Сократу было под сорок. Он был сыном бедного скульптора Софрониска и повивальной бабки Фенареты из маленького местечка Алопес, лежавшего за Ликабетом в часе небыстрой ходьбы от Афин. Предание говорило, что род Сократа был весьма древний и знатный и восходил будто бы к Дедалу, которому приписывалось введение в Афинах искусств и ремесел и сын которого, Икар, сделал попытку подняться на крыльях к солнцу и – разбился.
Сперва Сократ начал было продолжать дело своего отца и по дороге в Акрополь стояла даже его мраморная группа харит, но потом его увлекла философия и он, послушав знаменитого Продика и геометра Теодора из Кирен, и сам вступил на это поприще: ему – как, впрочем, и всем в этой области – казалось, что он непременно скажет какое-то последнее слово в туманах бездорожной мысли человеческой, все приведет в ясность. Труды предшествовавших и современных ему философов казались ему нелепыми: одни считают, что все сущее – едино, другие, что оно многообразно и раздельно, одни, что все движется, другие, что все находится в полном покое, одни, что все в мире рождается и погибает, другие, что ничего не рождается и ничто не погибает. И ему казалось, что всякая душа человеческая беременна истиной – он не задумывался над этим большим словом слишком пристально, как бы решив, что значение его известно всем и каждому – и нужно только заставить эту душу разродиться. Этот способ извлечения истины из души называл майетикой. Он точно не замечал, что все, кого он подвергал этому своему акушерскому искусству, рожали как раз ту истину, которую ему хотелось видеть рожденной, и что очень часто воспитанники его совсем и не думали эти открытые им истины делать своей путеводной звездой по лабиринтам жизни: «истина» была нужна как будто только для эристики – искусства спорить – а в жизни каждый из них руководился только теми тайными силами, которые, как ветер в ветрилах судна, и двигали его вперед равнинами жизни. Самообманы, которые владеют человеком, воистину бесконечны… Он ходил, слушал, смотрел, помогал истине и стал настолько уже известен, что Аристофан стал даже высмеивать его в своих комедиях.
И вдруг один из его приятелей – худой, как смерть, чудак Херефон, служивший посмешищем всему городу, принес из Дельф, от пифии, ее отзыв о Сократе как о мудрейшем из людей.
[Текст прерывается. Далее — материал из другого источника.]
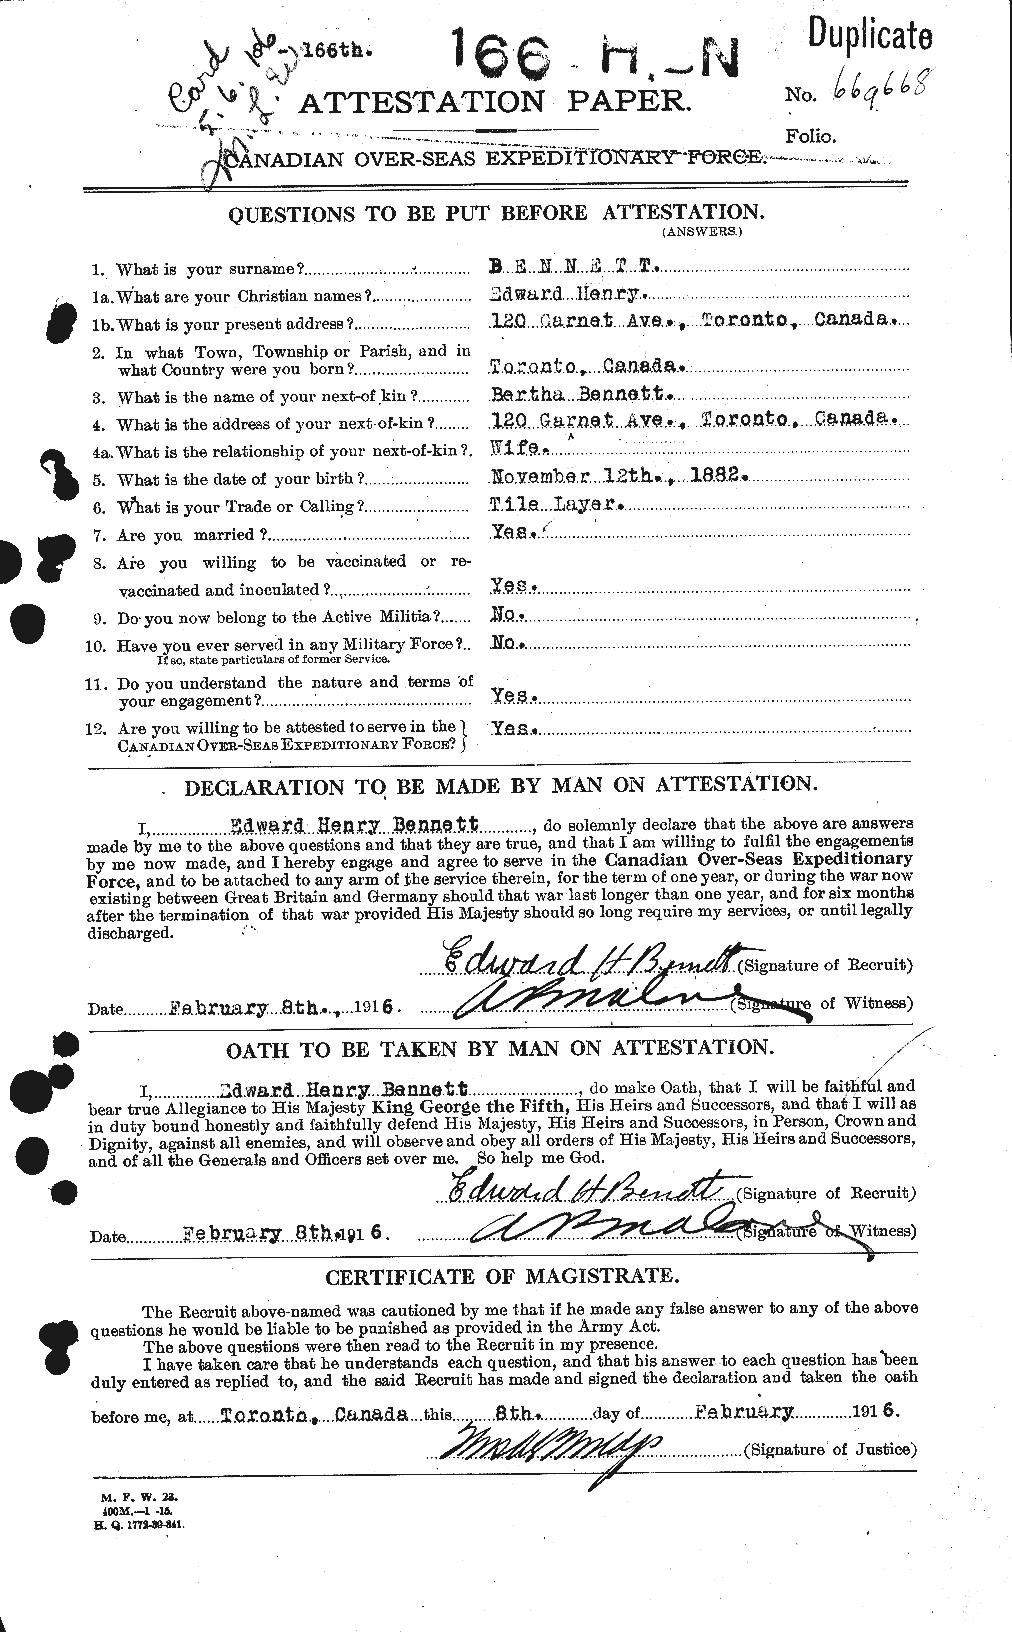 Personnel Records of the First World War - CEF 233463a

Действительно ли сказала ему это пифия, или добряк, страстно привязавшийся к Сократу, сам придумал это для вящего прославления философа, неизвестно, но если кто был в Афинах изумлен-таки выступлением пифии, то это прежде всего Сократ. Он и раньше сближался с увлечением с философами из ионийской школы, и элеатской, за знаменитым Зеноном следовал даже на Самос, усердно посещал кружок Периклеса и пр., а теперь он еще больше расширил свои знакомства, бывая у разных поэтов, политиков, ремесленников, оружейника Пистиаса, знаменитой красавицы-гетеры Феодоты, и с удивлением убеждался, что в самом деле все они решительно ничего не знают. И постепенно он уперся в мысль, что знание для человека – единственное благо, а невежество – единственное зло и источник всякого греха. Он совершенно, к великому горю бурной Ксантиппы, забросил семью, которую должен был теперь кормить старший сын ее от первого мужа, Лампроклес, и, если бы не друзья его, которые тихонько помогали ему – другие наставники в мудрости не стеснялись заламывать со своих учеников огромные гонорары, – он и совсем задохнулся бы в нищете. Тогда всякие ремесленники презирались – спартанцы не терпели их, в фивах закон запрещал избирать в магистратуру людей, которые в течение десяти лет не воздерживались от всякого ремесла или торговли, а потом Платон и Аристотель выражали даже мнение, что ремесленники и торговцы не должны пользоваться гражданскими правами – но в особенности презирались люди, продававшие свой умственный труд. Когда Изократ оказался вынужденным открыть школу красноречия и принимать деньги, он плакал от стыда5.
Мысль, что он так, может быть, и упустит случай переговорить с Сократом наедине, заставила Дориона тихонько прокашляться, и он обратился к Сократу:
– Учитель…
– Я совсем не учитель… – живо обернулся к нему Сократ, не терпевший такого титула. – Я такой же ученик, как и ты…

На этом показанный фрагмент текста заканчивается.